#### [Work order]
Return the lines of the data below exactly. Start at the first and end with the line containing "Aichbachhalle".

#### [Data records]
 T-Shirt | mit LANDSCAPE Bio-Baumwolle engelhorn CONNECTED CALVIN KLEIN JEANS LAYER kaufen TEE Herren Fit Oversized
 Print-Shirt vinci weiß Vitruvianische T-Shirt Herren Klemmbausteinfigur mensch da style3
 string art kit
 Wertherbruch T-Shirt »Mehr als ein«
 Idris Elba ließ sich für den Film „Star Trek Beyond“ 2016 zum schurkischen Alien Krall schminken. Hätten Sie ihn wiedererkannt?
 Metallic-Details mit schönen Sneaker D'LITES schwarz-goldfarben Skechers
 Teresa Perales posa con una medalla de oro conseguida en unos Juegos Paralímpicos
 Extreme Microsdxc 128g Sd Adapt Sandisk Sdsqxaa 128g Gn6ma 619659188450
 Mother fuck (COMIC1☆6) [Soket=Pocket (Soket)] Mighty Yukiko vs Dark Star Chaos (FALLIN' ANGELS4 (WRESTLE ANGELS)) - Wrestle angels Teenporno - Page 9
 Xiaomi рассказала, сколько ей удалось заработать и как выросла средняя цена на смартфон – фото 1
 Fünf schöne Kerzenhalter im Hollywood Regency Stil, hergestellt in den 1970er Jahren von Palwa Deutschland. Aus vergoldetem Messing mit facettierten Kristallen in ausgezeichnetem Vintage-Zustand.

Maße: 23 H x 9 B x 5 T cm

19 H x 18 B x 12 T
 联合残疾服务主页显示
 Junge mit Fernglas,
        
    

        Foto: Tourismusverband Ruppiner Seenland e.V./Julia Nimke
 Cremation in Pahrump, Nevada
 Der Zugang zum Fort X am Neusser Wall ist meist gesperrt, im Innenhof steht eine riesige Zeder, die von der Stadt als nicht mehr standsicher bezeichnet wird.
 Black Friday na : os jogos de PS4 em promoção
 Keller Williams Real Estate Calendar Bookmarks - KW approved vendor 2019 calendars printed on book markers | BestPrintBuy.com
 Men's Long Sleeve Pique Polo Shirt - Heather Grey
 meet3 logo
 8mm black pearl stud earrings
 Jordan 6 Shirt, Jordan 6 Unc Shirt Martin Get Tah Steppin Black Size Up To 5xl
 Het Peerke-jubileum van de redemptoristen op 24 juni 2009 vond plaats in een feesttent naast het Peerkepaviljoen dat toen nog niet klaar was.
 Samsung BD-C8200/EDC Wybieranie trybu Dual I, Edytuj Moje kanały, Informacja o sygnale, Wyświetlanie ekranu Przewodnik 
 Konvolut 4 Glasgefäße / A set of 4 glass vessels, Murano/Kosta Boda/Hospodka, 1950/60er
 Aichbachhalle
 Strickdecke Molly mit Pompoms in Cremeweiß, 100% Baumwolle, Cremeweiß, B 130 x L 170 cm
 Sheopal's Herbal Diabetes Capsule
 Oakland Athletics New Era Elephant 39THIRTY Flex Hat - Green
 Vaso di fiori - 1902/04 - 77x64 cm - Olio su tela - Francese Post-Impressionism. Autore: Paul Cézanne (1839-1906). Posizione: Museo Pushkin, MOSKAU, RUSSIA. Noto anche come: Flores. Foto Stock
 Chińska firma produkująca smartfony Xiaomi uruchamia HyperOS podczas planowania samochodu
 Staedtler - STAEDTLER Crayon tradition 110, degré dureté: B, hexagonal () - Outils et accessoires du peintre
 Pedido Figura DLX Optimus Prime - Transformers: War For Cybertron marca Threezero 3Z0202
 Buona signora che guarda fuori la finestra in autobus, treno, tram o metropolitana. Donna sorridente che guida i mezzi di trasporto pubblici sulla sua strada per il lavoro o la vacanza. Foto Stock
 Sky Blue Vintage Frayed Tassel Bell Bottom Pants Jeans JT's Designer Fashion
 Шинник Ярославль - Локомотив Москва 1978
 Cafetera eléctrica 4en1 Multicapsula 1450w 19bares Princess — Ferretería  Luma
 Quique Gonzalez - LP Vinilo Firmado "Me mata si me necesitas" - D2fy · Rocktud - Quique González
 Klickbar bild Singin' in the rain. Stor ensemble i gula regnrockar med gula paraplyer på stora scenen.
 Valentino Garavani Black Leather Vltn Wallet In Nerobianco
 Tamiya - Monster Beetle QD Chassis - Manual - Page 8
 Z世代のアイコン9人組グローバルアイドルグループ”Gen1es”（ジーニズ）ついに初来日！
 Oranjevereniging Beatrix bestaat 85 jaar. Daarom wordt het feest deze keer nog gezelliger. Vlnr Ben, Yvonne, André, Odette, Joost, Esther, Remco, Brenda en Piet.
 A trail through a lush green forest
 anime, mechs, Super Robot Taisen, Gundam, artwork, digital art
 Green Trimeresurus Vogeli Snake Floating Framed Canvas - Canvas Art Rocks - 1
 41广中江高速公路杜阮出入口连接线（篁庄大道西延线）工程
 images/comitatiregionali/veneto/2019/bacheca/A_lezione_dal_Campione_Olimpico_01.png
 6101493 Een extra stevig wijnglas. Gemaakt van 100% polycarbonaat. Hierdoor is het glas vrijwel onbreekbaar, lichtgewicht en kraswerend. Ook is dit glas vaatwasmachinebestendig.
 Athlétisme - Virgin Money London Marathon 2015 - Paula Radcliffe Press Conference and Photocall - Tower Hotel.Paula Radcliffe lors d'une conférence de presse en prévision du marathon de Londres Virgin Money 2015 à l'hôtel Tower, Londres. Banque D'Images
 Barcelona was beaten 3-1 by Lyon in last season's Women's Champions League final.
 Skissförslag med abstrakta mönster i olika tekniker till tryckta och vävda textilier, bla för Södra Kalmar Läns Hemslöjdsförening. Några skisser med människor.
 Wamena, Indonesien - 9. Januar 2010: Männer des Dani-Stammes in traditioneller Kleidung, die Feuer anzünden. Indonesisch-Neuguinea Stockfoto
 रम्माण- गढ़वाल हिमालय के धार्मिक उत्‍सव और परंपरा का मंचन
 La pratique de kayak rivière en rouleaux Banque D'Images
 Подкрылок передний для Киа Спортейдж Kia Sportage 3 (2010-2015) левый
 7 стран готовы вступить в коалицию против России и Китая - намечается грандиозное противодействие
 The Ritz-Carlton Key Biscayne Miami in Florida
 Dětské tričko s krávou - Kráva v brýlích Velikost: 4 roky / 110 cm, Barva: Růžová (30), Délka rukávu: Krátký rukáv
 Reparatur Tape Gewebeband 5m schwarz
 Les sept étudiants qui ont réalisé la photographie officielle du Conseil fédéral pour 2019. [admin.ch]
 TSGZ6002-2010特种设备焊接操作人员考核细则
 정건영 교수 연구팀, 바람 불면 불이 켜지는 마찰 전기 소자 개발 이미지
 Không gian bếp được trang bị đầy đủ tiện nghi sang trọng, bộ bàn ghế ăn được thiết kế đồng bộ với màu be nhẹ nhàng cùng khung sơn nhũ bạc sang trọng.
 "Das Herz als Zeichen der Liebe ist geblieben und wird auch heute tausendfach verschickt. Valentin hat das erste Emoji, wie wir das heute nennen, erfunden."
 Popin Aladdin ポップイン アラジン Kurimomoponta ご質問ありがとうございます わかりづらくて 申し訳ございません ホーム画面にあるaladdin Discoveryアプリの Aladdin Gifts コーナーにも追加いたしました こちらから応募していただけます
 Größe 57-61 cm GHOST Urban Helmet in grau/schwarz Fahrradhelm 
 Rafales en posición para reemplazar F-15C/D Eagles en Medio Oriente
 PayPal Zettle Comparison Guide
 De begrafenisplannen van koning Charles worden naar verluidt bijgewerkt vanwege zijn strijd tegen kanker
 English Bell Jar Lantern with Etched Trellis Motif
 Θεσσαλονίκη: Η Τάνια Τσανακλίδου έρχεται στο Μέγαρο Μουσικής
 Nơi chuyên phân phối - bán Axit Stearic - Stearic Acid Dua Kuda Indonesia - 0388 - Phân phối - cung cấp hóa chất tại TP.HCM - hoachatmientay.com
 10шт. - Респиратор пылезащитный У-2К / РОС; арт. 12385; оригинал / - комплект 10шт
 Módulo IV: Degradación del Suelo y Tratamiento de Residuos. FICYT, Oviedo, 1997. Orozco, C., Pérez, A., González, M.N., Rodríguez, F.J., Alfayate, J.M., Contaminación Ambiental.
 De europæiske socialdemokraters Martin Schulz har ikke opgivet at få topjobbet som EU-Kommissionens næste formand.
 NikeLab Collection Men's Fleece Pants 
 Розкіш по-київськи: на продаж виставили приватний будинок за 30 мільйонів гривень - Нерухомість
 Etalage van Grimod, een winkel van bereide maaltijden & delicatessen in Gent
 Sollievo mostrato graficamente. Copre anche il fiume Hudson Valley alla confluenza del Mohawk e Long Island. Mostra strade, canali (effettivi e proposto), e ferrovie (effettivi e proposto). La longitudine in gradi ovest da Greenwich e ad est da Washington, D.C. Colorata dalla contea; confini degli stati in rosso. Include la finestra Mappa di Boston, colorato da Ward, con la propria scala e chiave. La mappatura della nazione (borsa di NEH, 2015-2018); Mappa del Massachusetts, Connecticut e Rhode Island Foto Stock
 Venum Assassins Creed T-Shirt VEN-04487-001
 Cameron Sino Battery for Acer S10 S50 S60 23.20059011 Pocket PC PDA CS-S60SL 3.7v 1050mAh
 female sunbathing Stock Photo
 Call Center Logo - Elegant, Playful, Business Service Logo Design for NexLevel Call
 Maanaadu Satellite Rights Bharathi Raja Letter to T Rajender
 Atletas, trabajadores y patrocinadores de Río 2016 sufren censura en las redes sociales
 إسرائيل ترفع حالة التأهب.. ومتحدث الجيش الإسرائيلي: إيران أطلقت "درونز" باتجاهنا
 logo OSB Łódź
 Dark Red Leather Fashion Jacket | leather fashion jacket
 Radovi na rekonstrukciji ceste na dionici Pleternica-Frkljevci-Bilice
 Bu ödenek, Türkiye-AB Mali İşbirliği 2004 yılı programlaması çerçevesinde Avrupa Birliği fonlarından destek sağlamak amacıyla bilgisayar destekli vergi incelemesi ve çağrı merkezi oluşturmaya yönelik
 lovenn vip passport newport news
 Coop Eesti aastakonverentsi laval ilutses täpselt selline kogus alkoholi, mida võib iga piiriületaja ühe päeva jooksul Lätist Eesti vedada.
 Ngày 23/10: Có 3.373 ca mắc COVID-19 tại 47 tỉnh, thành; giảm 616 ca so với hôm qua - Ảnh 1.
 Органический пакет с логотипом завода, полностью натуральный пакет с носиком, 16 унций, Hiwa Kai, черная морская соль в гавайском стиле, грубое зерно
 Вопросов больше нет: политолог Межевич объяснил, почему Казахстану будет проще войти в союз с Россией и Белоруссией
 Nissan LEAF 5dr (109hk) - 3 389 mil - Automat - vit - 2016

#### [Answer for the task]
 T-Shirt | mit LANDSCAPE Bio-Baumwolle engelhorn CONNECTED CALVIN KLEIN JEANS LAYER kaufen TEE Herren Fit Oversized
 Print-Shirt vinci weiß Vitruvianische T-Shirt Herren Klemmbausteinfigur mensch da style3
 string art kit
 Wertherbruch T-Shirt »Mehr als ein«
 Idris Elba ließ sich für den Film „Star Trek Beyond“ 2016 zum schurkischen Alien Krall schminken. Hätten Sie ihn wiedererkannt?
 Metallic-Details mit schönen Sneaker D'LITES schwarz-goldfarben Skechers
 Teresa Perales posa con una medalla de oro conseguida en unos Juegos Paralímpicos
 Extreme Microsdxc 128g Sd Adapt Sandisk Sdsqxaa 128g Gn6ma 619659188450
 Mother fuck (COMIC1☆6) [Soket=Pocket (Soket)] Mighty Yukiko vs Dark Star Chaos (FALLIN' ANGELS4 (WRESTLE ANGELS)) - Wrestle angels Teenporno - Page 9
 Xiaomi рассказала, сколько ей удалось заработать и как выросла средняя цена на смартфон – фото 1
 Fünf schöne Kerzenhalter im Hollywood Regency Stil, hergestellt in den 1970er Jahren von Palwa Deutschland. Aus vergoldetem Messing mit facettierten Kristallen in ausgezeichnetem Vintage-Zustand.

Maße: 23 H x 9 B x 5 T cm

19 H x 18 B x 12 T
 联合残疾服务主页显示
 Junge mit Fernglas,
        
    

        Foto: Tourismusverband Ruppiner Seenland e.V./Julia Nimke
 Cremation in Pahrump, Nevada
 Der Zugang zum Fort X am Neusser Wall ist meist gesperrt, im Innenhof steht eine riesige Zeder, die von der Stadt als nicht mehr standsicher bezeichnet wird.
 Black Friday na : os jogos de PS4 em promoção
 Keller Williams Real Estate Calendar Bookmarks - KW approved vendor 2019 calendars printed on book markers | BestPrintBuy.com
 Men's Long Sleeve Pique Polo Shirt - Heather Grey
 meet3 logo
 8mm black pearl stud earrings
 Jordan 6 Shirt, Jordan 6 Unc Shirt Martin Get Tah Steppin Black Size Up To 5xl
 Het Peerke-jubileum van de redemptoristen op 24 juni 2009 vond plaats in een feesttent naast het Peerkepaviljoen dat toen nog niet klaar was.
 Samsung BD-C8200/EDC Wybieranie trybu Dual I, Edytuj Moje kanały, Informacja o sygnale, Wyświetlanie ekranu Przewodnik 
 Konvolut 4 Glasgefäße / A set of 4 glass vessels, Murano/Kosta Boda/Hospodka, 1950/60er
 Aichbachhalle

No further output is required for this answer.